Transcribe the listing verbatim, please, with images dropped.

> **Supplied information**
▽
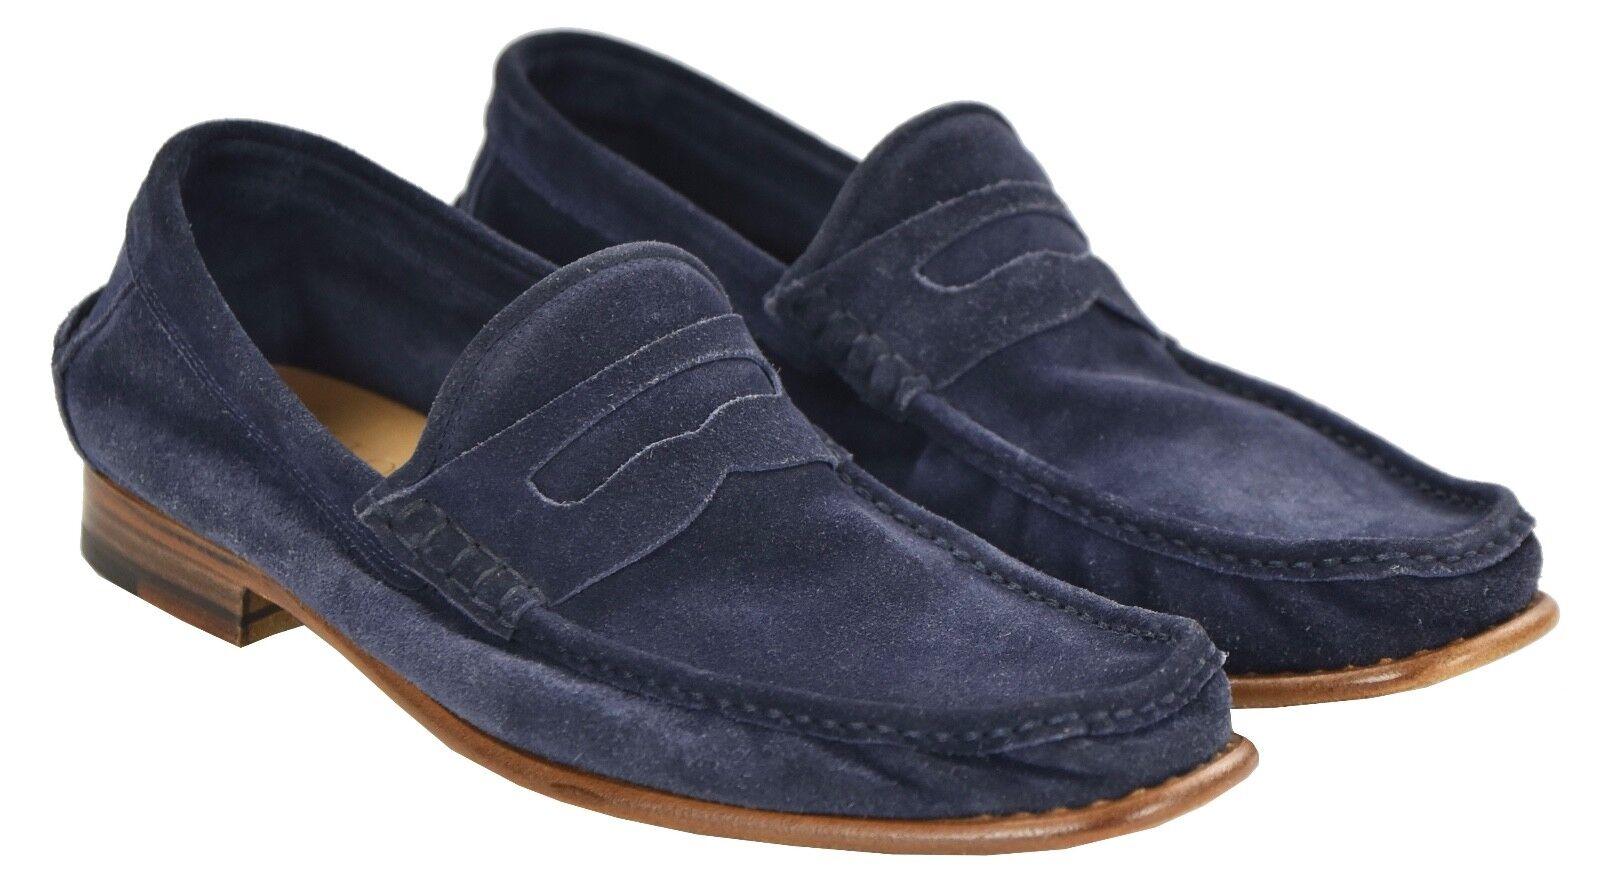 NEW KITON NAPOLI LOAFERS LOAFERS LOAFERS scarpe 100% LEATHER SUEDE Dimensione 7.5 US 40.5 EU 19O38 fcbce5
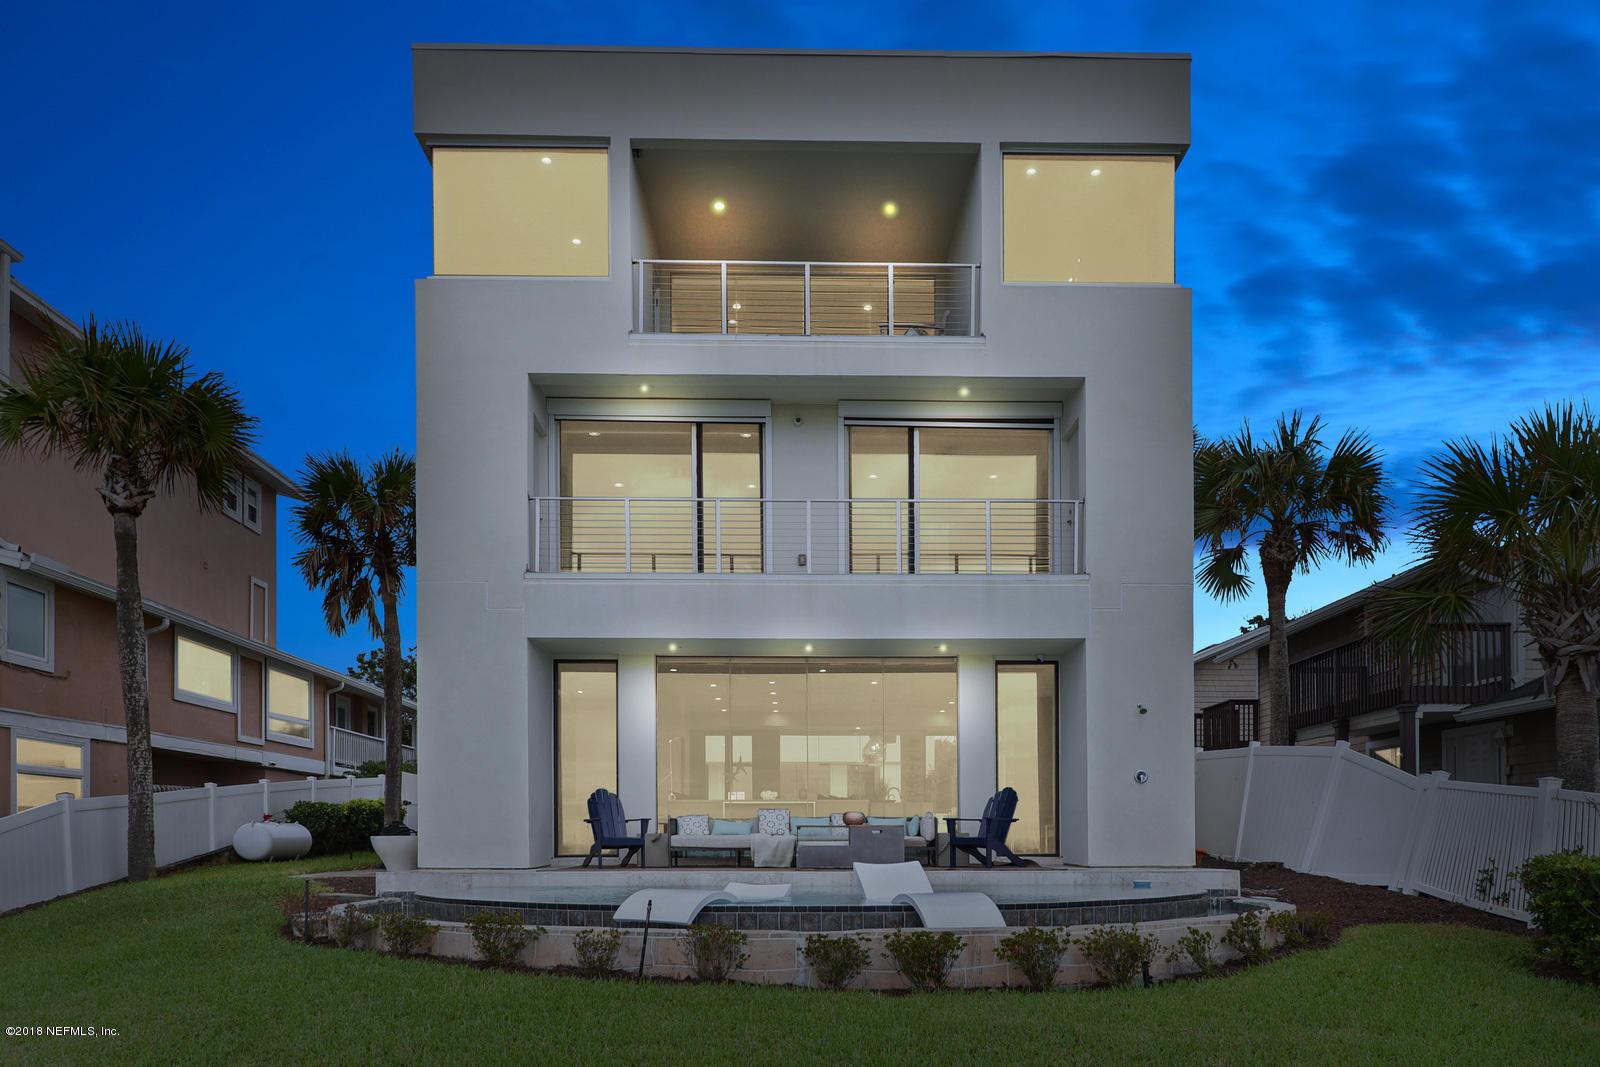 1777 BEACH, ATLANTIC BEACH, FLORIDA 32233, 4 Bedrooms Bedrooms, ,5 BathroomsBathrooms,Residential - single family,For sale,BEACH,964464
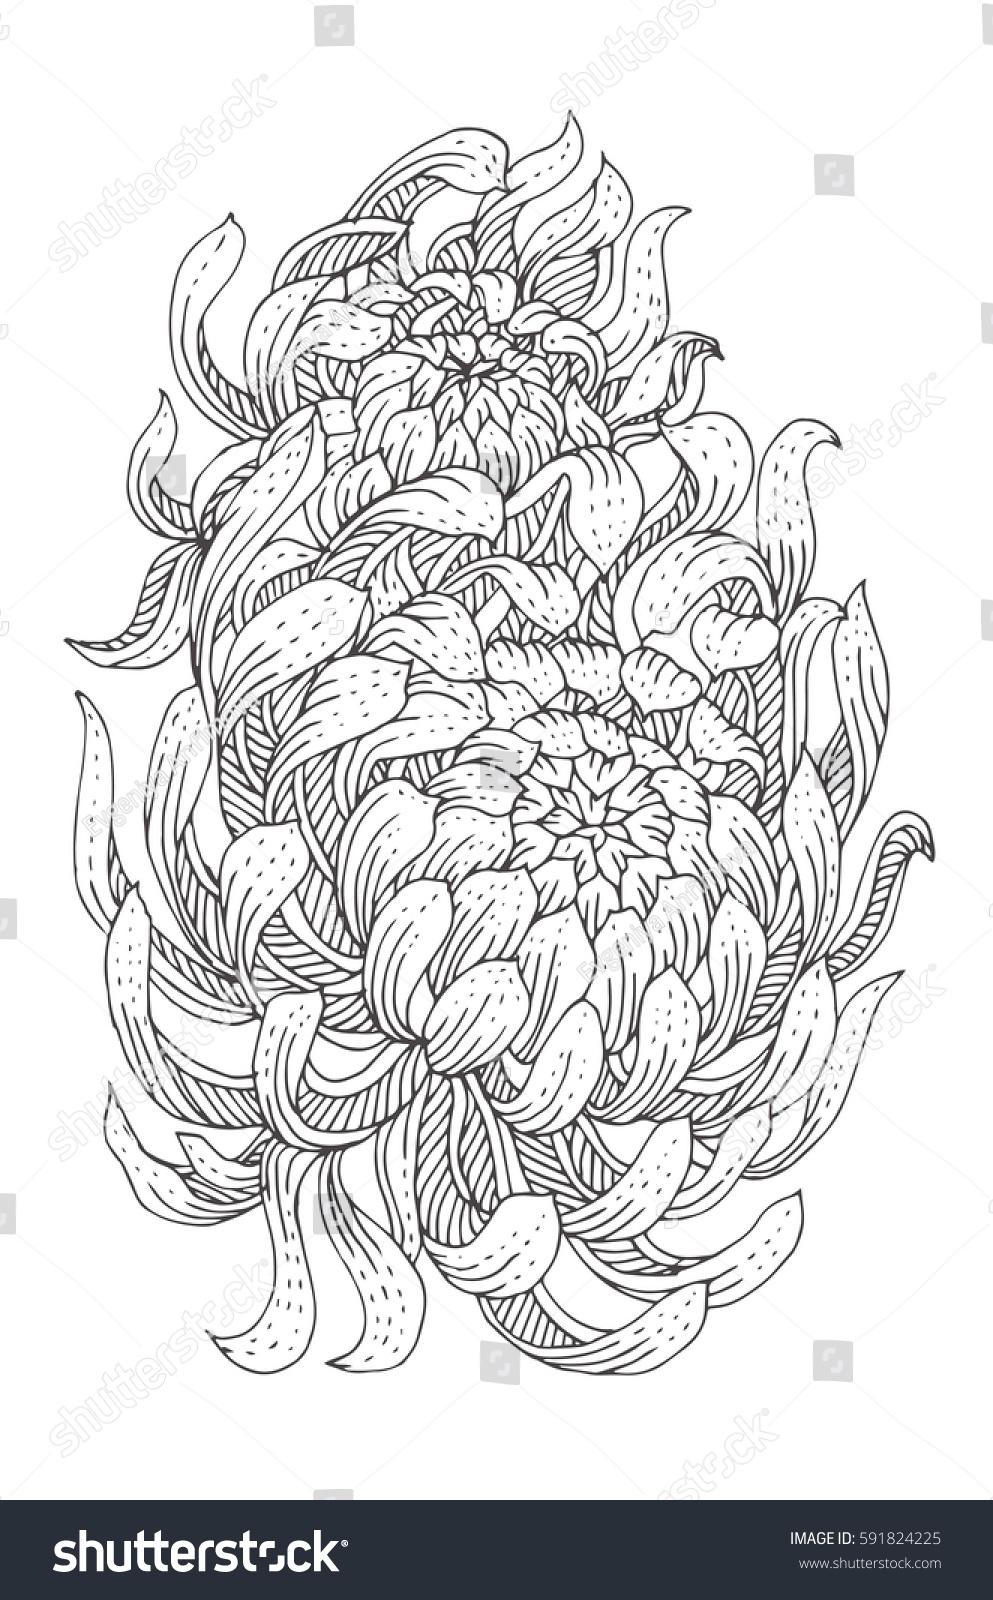 chrysanthemum book coloring pages eliolera - Chrysanthemum Book Coloring Pages
△
> **Answer**
 NEW KITON NAPOLI LOAFERS LOAFERS LOAFERS scarpe 100% LEATHER SUEDE Dimensione 7.5 US 40.5 EU 19O38 fcbce5
 1777 BEACH, ATLANTIC BEACH, FLORIDA 32233, 4 Bedrooms Bedrooms, ,5 BathroomsBathrooms,Residential - single family,For sale,BEACH,964464
 chrysanthemum book coloring pages eliolera - Chrysanthemum Book Coloring Pages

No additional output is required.